Now that he met with the Patriarch of Moscow, and praised Russia for defending Christendom, maybe it will get some attention.

This goes back to the pre communist idea that Russia sees itself as the Third Rome...defending Christendom against the errors of the east (aggressive Islam) and west (decadent and anti religious secularists).

Without understanding this mythology, you will not be able to judge Putin's actions, including those that seem imperialistic to it's neighbors (that Russia will take them over for their own good).

however, one is happy that in Mexico the Pope said murdering people and the drug gangs were a bad thing. Duh.

Most of what he said was true, but the secular reports don't mention if he told them what to do about it. Did he tell them them to repent, give their lives to Jesus, and then act accordingly?

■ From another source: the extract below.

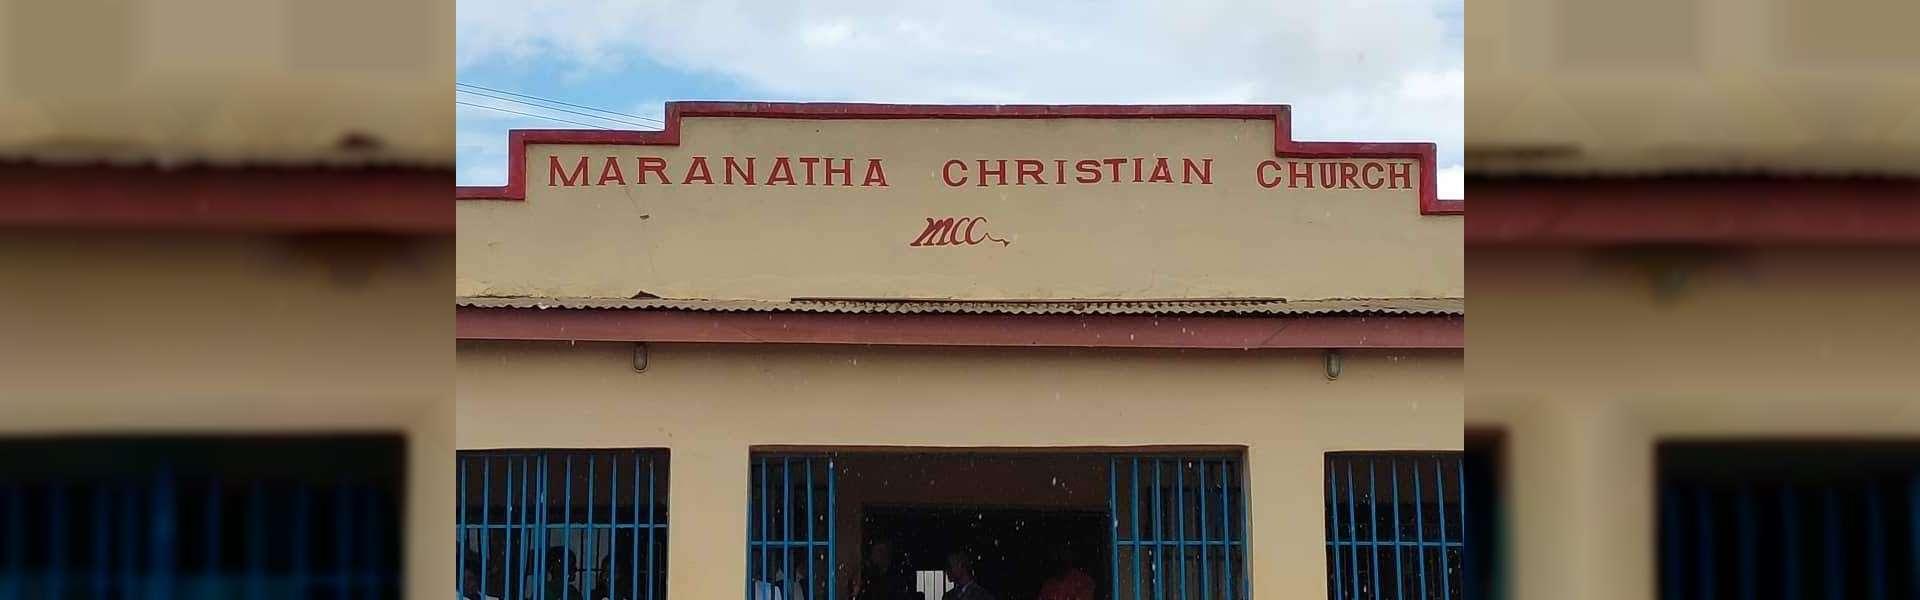 História da Igreja Cristã Maranata no Malawi, África

nah: Too religious to report so if he did, we won't hear about it.

Related item:

Reuters article on Zika and why it probably will not change the law on abortion. The public opposes, but also the medical problems in diagnosing:

it notes 4000 cases suspected and 400 cases confirmed, but other articles say 700 cases confirmed and 400 cases were false positive.
Now, it it's this hard to diagnose after birth, you see the problem. Of course, you could abort all women, but those 4000 cases would be 0.1% of all pregnancies, so aborting them all would be a case of overkill.

it also notes the opposition of the now large Evangelical community, the "elephant in the room" that could be part of the reason Brazil is becoming more prosperous: Evangelicals tend to stress you have to follow the ten commandments, and don't condemn capitalism per se, but see it as a way to  serve God and to make the entire community prosperous. (JPII's encyclical saying this  is usually ignored by catholic SJW's).

This is mainly a result of the "liberation theology" types that morphed Catholicism into marxism, replacing Jesus and the saints with marxist platitudes, so people walked away. Some stayed "catholic" but found the emotional satisfaction not in church but in pagan cults that are popular there.

(related item: The "saint death" who is associated with the murderous Mexican drug gangs is one such pagan cult in Mexico that has morphed from being probably harmless back into it's dark side).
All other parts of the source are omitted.